From rdmurray at bitdance.com  Fri Mar 15 23:34:54 2013
From: rdmurray at bitdance.com (R. David Murray)
Date: Fri, 15 Mar 2013 18:34:54 -0400
Subject: [Email-SIG] BytesFeedParser.close().get_boundary() returns
	string; I want bytes
In-Reply-To: <lts6k89br7f0hihk4ce4juoeehak6srm5m@4ax.com>
References: <lts6k89br7f0hihk4ce4juoeehak6srm5m@4ax.com>
Message-ID: <20130315223454.BFE59250BE2@webabinitio.net>

On Fri, 15 Mar 2013 13:16:32 -0700, Forest <web11.forest at tibit.com> wrote:
> ascii codec, but I thought I'd raise the issue here in case the current
> behavior is a bug.  Considering the restrictions that rfc 2046 places on
> boundary characters and its requirement to respect ancestor boundary markers
> when parsing nested messages, I'm struggling to think of a situation where
> the current behavior is useful.  Shouldn't get_boundary() return something
> that can be found within the input data?
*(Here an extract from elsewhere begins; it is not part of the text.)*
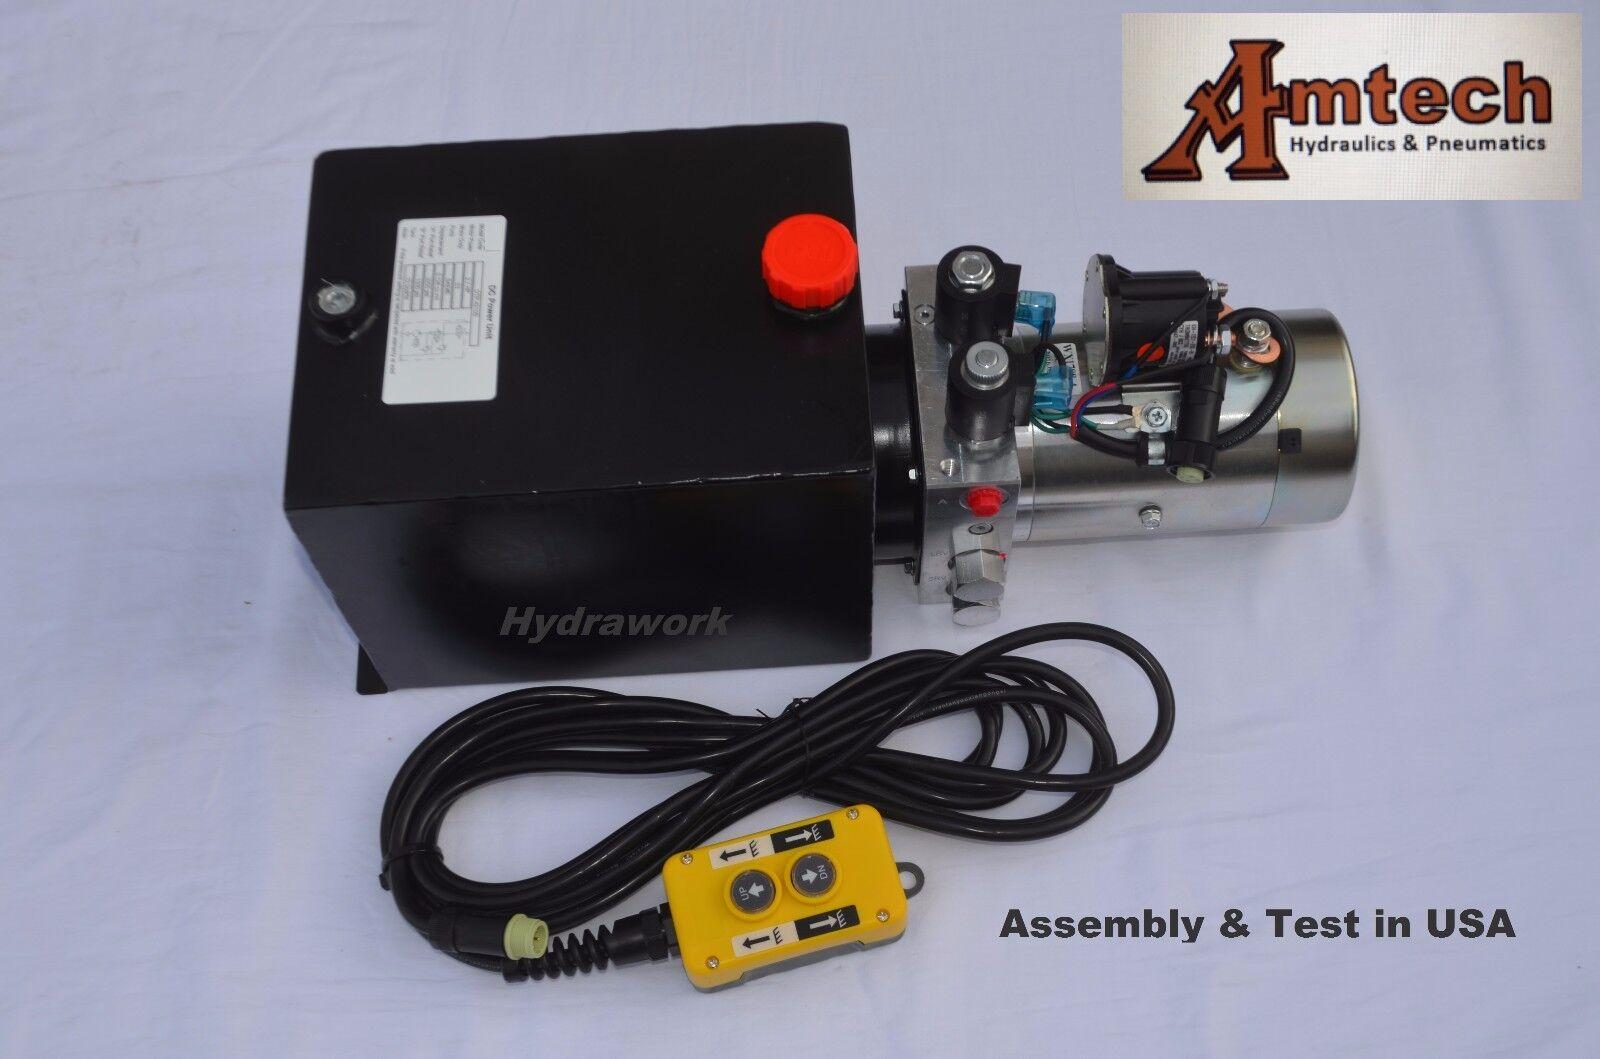 4210S Hydraulic Power Unit, Hyfraulic Pump,12V Double Acting

Well, you have to understand that the email package was written
when Python didn't make any distinction between bytes and strings.
What email in Python3 is doing is transforming the input into
string (unicode) right away, and carrying any non-ascii
bytes along until it has parsed enough information from the message
to recover them and convert them into real unicode. 

BytesParser is parsing bytes input and *turning it into
unicode*.  The model is the same regardless of whether
the input is bytes or already string. get_boundary
is a method on the model (the Message) and is thus
retrieving a string from the model and returning it.

That said, we have discussed adding methods for accessing the
binary form in various contexts.  We have also discussed
providing a stream version of message parsing and generation,
and at a minimum a way to store message bodies externally
(eg in a file).  I've got these as development goals and
welcome help in doing so.

--David